Yerel siyasete dair bir diğer önemli bulgu, ittifak veya işbirliğinin hâlâ hem iktidar bloğundaki hem de muhalefetteki partiler için kaçınılmaz olduğudur. Partiler kendi pozisyonlarını güçlendirmek için hangi söylemi ne kadar sert benimserse benimsesin, geçmiş seçimin unutulup yerel seçimin gündem olduğu bir ortamda ittifak veya işbirliği partilerin çoğu için özellikle seçmen tabanından gelen bir talep olacaktır. Bir partinin örgüt tabanı ile seçmen tabanının aynı olmadığını, örgüt tabanından gelen “kendi adaylarımızla seçime girelim” talebi ile o partiye oy verme eğiliminde olan seçmenlerin taleplerinin her zaman örtüşmek durumunda olmadığını unutmamak gerekir. Seçmenler, belediye başkanlığı seçimi söz konusu olduğunda parti aidiyetinin ötesinde adayın kimliği ve kazanma potansiyelinin tercihlerini daha güçlü bir biçimde belirlediğini ifade etmektedir.
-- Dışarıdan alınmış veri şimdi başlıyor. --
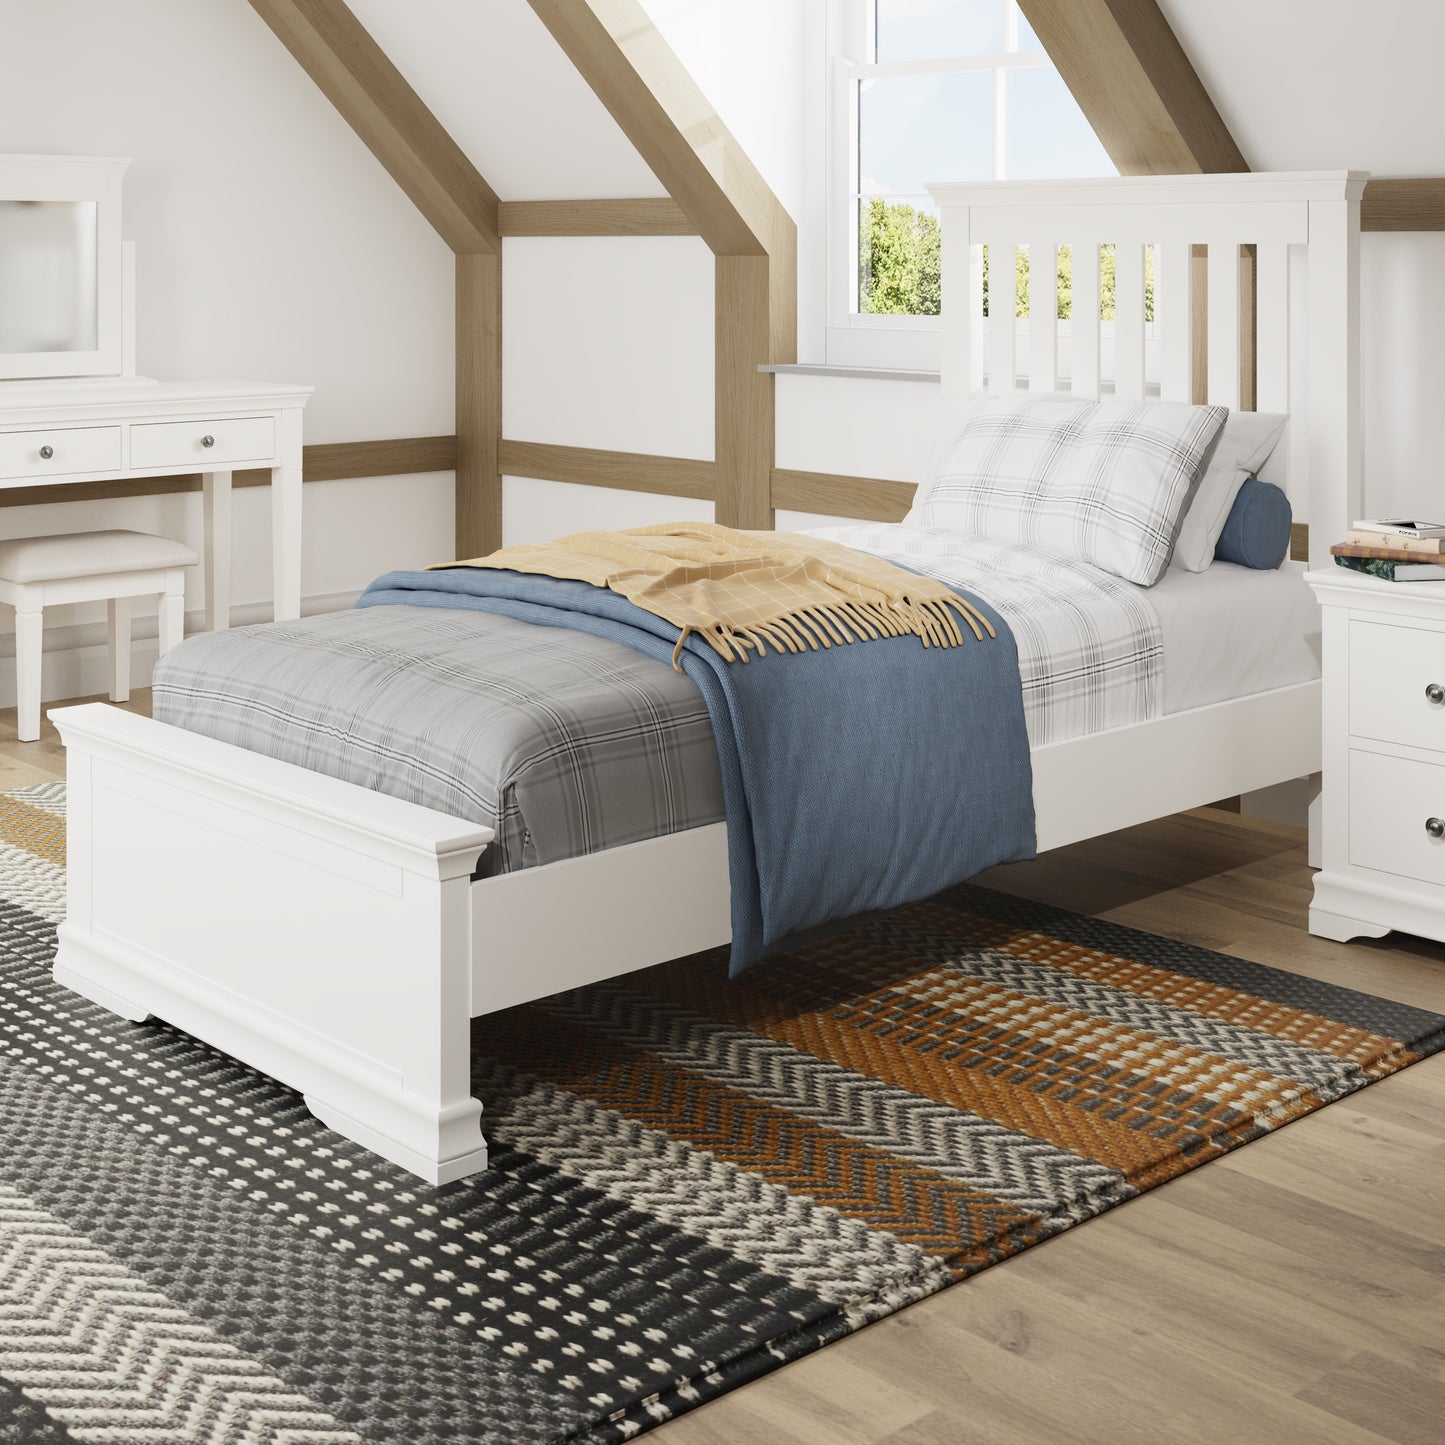 SW Bedroom - White 3' Bed

Bu açıdan bakıldığında özellikle muhalif kamuoyunda en çok ihtiyaç duyulan şeyin seçmenlerde yeniden kazanma hissini diriltmek olduğu söylenebilir. Bu başarıldığı takdirde yerel siyaset dinamiklerinin kolaylıkla ulusal siyaset dinamiklerinden ayrıştığı ve muhalefetin yerel seçimlerde hafife alınmayacak bir başarı potansiyeli olduğu görülecektir.